Segment Start: Data to examine
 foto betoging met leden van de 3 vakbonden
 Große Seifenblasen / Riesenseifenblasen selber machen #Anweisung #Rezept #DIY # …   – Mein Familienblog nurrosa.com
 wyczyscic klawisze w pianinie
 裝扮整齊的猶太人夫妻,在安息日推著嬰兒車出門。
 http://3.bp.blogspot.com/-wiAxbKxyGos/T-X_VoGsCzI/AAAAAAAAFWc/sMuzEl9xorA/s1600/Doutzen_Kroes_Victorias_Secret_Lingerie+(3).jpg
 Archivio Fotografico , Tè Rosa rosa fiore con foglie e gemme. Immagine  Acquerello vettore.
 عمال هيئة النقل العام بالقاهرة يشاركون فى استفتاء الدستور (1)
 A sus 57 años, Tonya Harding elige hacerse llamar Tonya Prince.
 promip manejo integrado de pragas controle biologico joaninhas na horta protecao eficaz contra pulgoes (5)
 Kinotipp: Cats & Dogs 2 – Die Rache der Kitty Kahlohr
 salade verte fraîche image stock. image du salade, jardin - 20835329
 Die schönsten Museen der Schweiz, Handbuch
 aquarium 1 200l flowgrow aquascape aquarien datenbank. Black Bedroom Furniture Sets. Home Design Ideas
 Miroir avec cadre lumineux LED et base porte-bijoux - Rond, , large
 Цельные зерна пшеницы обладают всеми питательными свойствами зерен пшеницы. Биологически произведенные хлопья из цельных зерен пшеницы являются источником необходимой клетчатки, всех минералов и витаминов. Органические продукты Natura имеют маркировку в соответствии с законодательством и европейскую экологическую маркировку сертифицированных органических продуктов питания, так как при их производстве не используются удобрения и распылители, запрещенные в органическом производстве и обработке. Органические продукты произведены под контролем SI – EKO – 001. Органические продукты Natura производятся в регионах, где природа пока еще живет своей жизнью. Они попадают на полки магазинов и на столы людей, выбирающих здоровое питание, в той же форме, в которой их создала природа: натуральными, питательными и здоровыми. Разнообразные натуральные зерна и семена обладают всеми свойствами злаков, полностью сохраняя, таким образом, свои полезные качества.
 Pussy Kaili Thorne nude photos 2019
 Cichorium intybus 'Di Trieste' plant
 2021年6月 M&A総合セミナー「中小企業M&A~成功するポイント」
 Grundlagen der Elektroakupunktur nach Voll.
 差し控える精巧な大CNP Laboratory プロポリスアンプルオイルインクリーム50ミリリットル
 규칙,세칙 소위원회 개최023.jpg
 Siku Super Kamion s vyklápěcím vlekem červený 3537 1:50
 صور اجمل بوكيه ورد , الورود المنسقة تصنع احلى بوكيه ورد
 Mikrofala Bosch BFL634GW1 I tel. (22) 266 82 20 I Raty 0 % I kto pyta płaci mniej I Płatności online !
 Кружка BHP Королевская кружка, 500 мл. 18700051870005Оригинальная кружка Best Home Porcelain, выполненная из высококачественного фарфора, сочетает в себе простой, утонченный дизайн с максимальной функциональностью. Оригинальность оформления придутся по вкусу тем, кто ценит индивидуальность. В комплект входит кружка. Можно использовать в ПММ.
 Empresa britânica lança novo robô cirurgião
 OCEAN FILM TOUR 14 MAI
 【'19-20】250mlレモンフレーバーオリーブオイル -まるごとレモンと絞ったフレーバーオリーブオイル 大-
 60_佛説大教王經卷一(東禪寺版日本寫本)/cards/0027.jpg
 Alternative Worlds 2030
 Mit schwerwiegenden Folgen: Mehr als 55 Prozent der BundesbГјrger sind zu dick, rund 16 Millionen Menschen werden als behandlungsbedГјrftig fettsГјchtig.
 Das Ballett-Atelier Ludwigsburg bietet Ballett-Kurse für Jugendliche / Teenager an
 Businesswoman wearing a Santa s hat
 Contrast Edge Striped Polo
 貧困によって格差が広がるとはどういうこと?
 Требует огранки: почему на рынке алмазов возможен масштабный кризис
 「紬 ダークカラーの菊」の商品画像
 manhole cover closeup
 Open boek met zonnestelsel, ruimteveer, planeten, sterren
Segment End: Data to examine
**Task prompt**. Select every line of the records holding the string "Home".

**Response below**.
 aquarium 1 200l flowgrow aquascape aquarien datenbank. Black Bedroom Furniture Sets. Home Design Ideas
 Кружка BHP Королевская кружка, 500 мл. 18700051870005Оригинальная кружка Best Home Porcelain, выполненная из высококачественного фарфора, сочетает в себе простой, утонченный дизайн с максимальной функциональностью. Оригинальность оформления придутся по вкусу тем, кто ценит индивидуальность. В комплект входит кружка. Можно использовать в ПММ.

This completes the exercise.